The Arrow seeks to explore politics in a broad sense of the word—societal issues, challenges, and questions that are political by nature. We have avoided the trappings of US electoral politics because our audience stretches beyond the US and because the teachings of Buddhism and other contemplative wisdom traditions transcend the narrow spectrum of political showmanship and stale ideologies that characterize this country’s electoral politics. However, in the context of the 2016 US presidential election, we feel that silence would be a form of complicity with harmful social and political systems.

The sad fact of this election cycle is that anyone who wants a more compassionate, egalitarian society will find a mixed champion in Hillary Clinton, and an absolute enemy of those values in Donald Trump. That Trump embodies egomania, delusion, greed, and violence in their purest forms is obvious. And yet there is a risk in uncritically validating the Clintonian worldview just because the alternative is unquestionably worse.

In liberal circles, including contemplative communities, we’ve noticed a certain tribalism—qualitatively different than Trump’s racist xenophobia—that views Trump supporters as insane or ignorant rednecks and middle class liberals as compassionate and rational. Easy vilification of others—particularly working class Trump supporters or young third party supporters—obscures the real issues of our time, just as Trump’s rhetoric does. Beneath the “us-versus-them” narrative lies the structural inequality that encompasses all of society: lack of educational opportunities, dim prospects for meaningful work, and cultural values that perpetuate injustice and oppression against particular groups. It is within this skewed political climate that pressing emergencies like climate change, poverty, and mass incarceration receive little to no airtime beyond the occasional convenient sound bite exploited by both major political parties.

However, let us be clear: the politics of Donald Trump must be utterly and thoroughly destroyed. Wisely and compassionately destroyed with conviction in the basic goodness of Donald Trump and his supporters—but destroyed nonetheless. (As James Rowe puts it, “Racists are not white supremacy.” While the former “are deluded and often vicious” but still possess an “aching human heart,” the latter “should be ruthlessly expunged from the earth.”)
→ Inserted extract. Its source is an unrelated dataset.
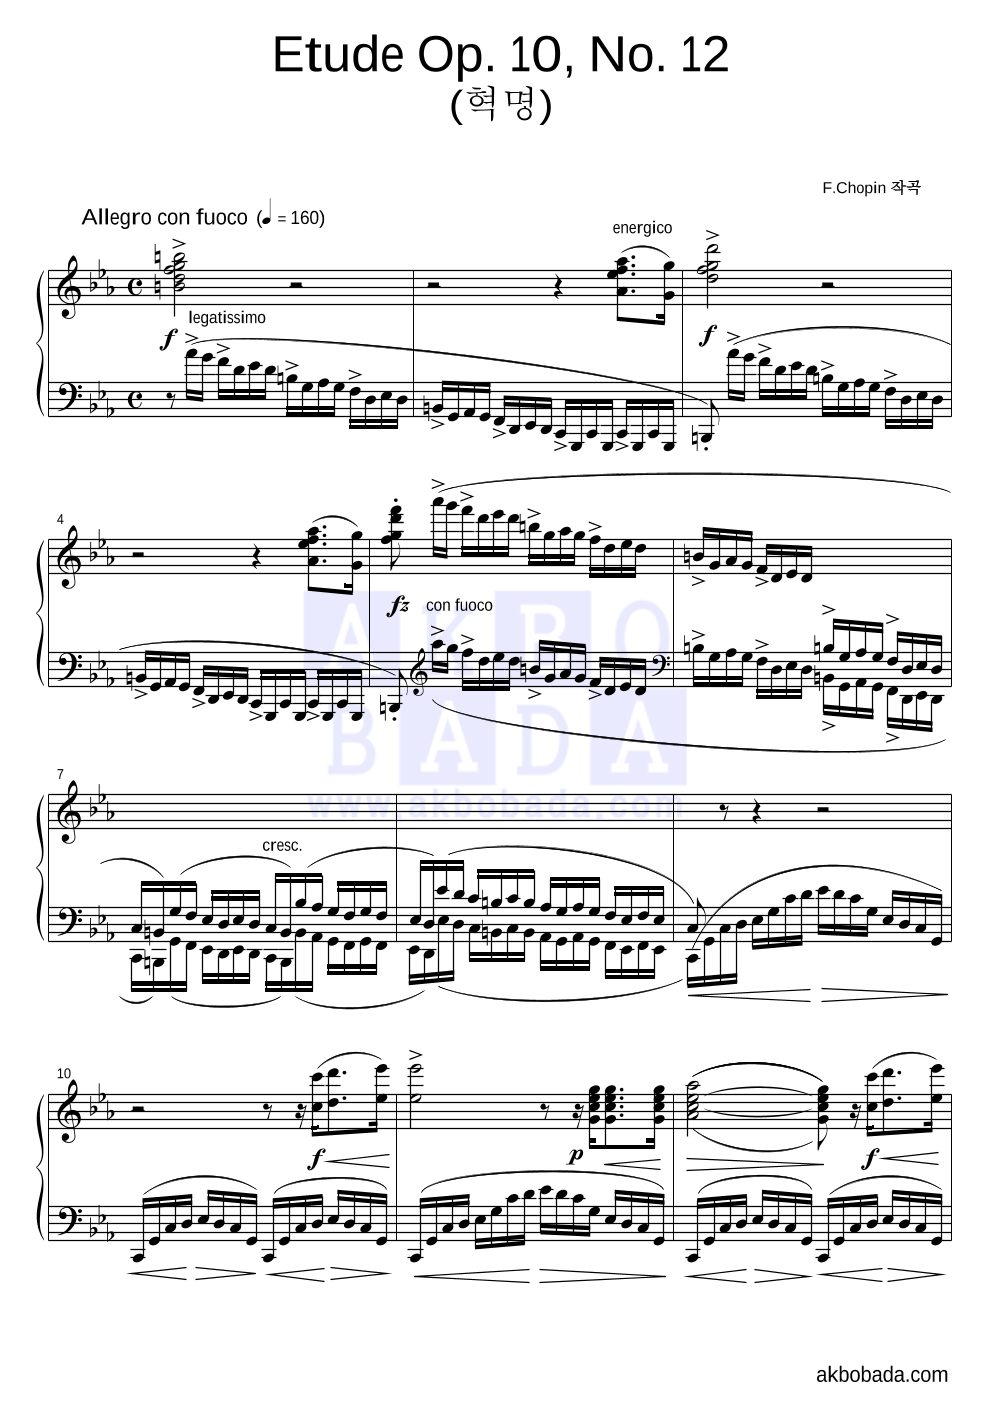 쇼팽 - Etude Op.10 No.12(혁명) 피아노 2단 악보 
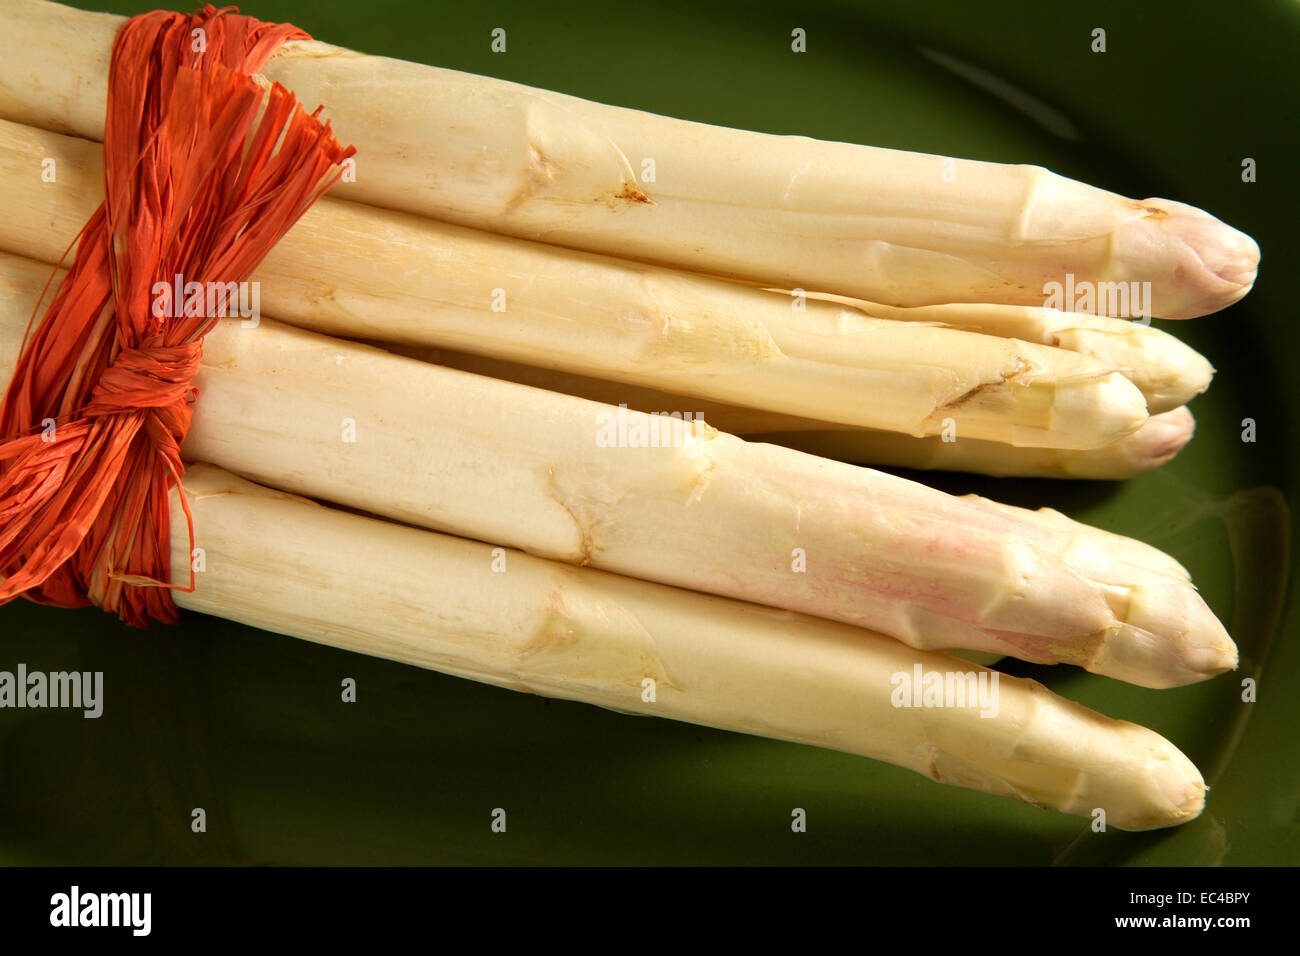 asparagus on a plate Stock Photo

Trump’s outrageous statements about women, immigrants, and people of color during his campaign and in the past are horrific and dangerous, particularly because they have legitimated for some the public and vehement expression of racist, xenophobic, and sexist ideologies. But Trump’s statements, comments, and behaviors are not at all uncommon; in many ways they are ubiquitous.

Take, for instance, the most recent scandal that sent members of Trump’s party fleeing—his deplorable remarks that condone the objectification and sexual assault of women. We cringe because we hear these words on television and because they come from the mouth of a presidential candidate. But men say the same things—and worse—all the time. Men constantly refer to women in ways that normalize rape—online, on college campuses, in the military, as but a few examples. This is rape culture, one among many expressions of the violence of patriarchy. And as Kelly Oxford’s Twitter conversation so painfully demonstrates, sexual assault itself is equally ubiquitous, despite downward trends in recent decades.

Or consider Trump’s repeated interrupting of Secretary Clinton throughout the presidential debates. This behavior is jarring to watch because we expect more dignified discourse in a debate forum and from a presidential candidate. But this too happens all the time to women in meetings and conversations, at home and at work. Even the most well-intentioned men are likely guilty from time to time of (unintentionally) exercising their patriarchal privilege to interrupt women unchallenged.

And all this is to speak nothing of the racism and xenophobia of Trump and his most hardcore supporters.

What makes Trump so dangerous is that his public platform allows others to feel justified in the aggressive public expression of sexist, racist, and xenophobic ideologies. That is dangerous because it increases the possibility of overt acts of violence. But we can’t forget that many of these ideas are expressed more quietly, half-jokingly even, in smaller groups and less public settings and institutions. These more pervasive expressions out of the public eye—and therefore its scrutiny—form the bedrock of structural and cultural violence.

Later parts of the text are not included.